Some of you may be familiar with the old Cherokee legend. I’ve referred to it in the past. An old Cherokee, teaching his grandson about life, tells him, “A fight is going on inside us. It is a terrible fight and it is between two wolves. One is evil – he is anger, envy, sorrow, regret, greed, arrogance, self-pity, guilt, resentment, inferiority, lies, false pride, superiority, and ego.”

 

The grandfather continued, “The other is good – he is joy, peace, love, hope, serenity, humility, kindness, benevolence, empathy, generosity, truth, compassion, and faith. The same fight is going on inside you – and inside every other person, too.”

 

The grandson thought about it for a minute and then asked his grandfather, “Which wolf will win?”

 

The old Cherokee simply replied, “The one you feed.”


God tells us that the peace of Christ is available to us, but we have to LET that peace of Christ rule in our hearts. And to do that, along with prayer and reflecting on God’s word, it is also most helpful if we starve the bad wolf within us and FEED our spirits with things that are godly.

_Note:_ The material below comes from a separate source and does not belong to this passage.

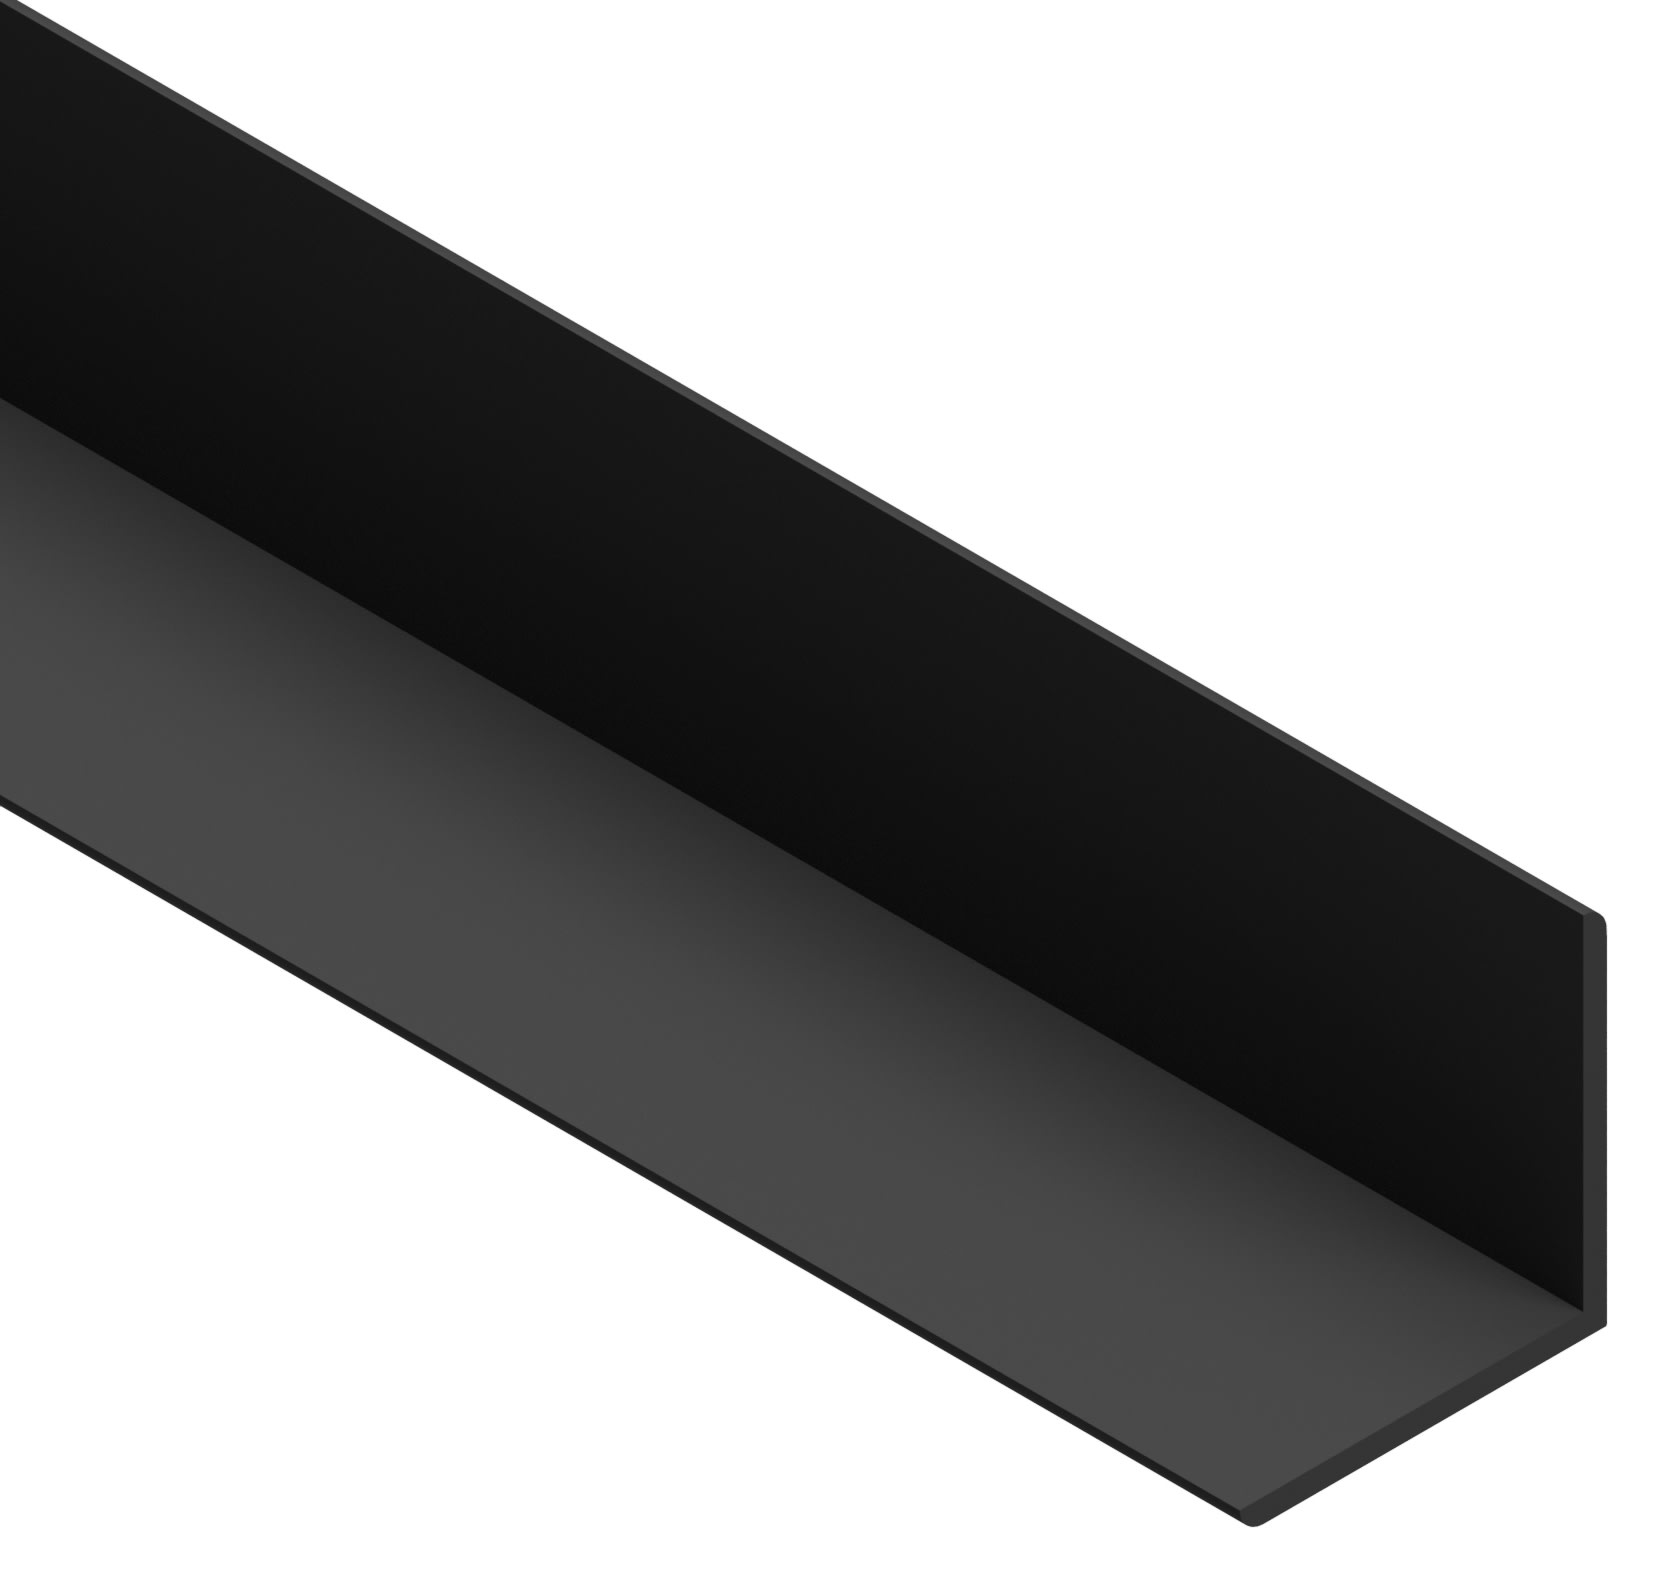 Cheshire Mouldings Black PVC Angle - 18x18x2400mm

Do we really need to spend 30 minutes or more every day with CNN, MSNBC, Fox News, or other media sites? Wouldn’t our time be better spent listening to a sermon on television or radio; Or reading your Bible or a spiritually nourishing book?

We are now in the middle of the Christmas season. This year in particular, Christmas is a most welcome guest. Even during the pandemic and the forced isolation from family and friends, the Holy Spirit of Christmas can still draw us from our trenches to experience what life can truly be like if we refuse to bite and devour one another – if only for a day.

And if we can do it for a day, then why not extend it to the next day? And the next? And the next?

 

Let us ask the Holy Spirit today, and tomorrow, and the next day, and the next to please, by His much-needed mercy, to help us to determine every day to NOT go back into the trenches of anger and fear and hatred and depression. Let us daily pray for His utterly essential help that we not feed the bad wolf, but instead to every day strive with His supernatural help to feed the good one. Only then, and only with His help, will anyone be able to extend the Holy Spirit of Christmas throughout 2021.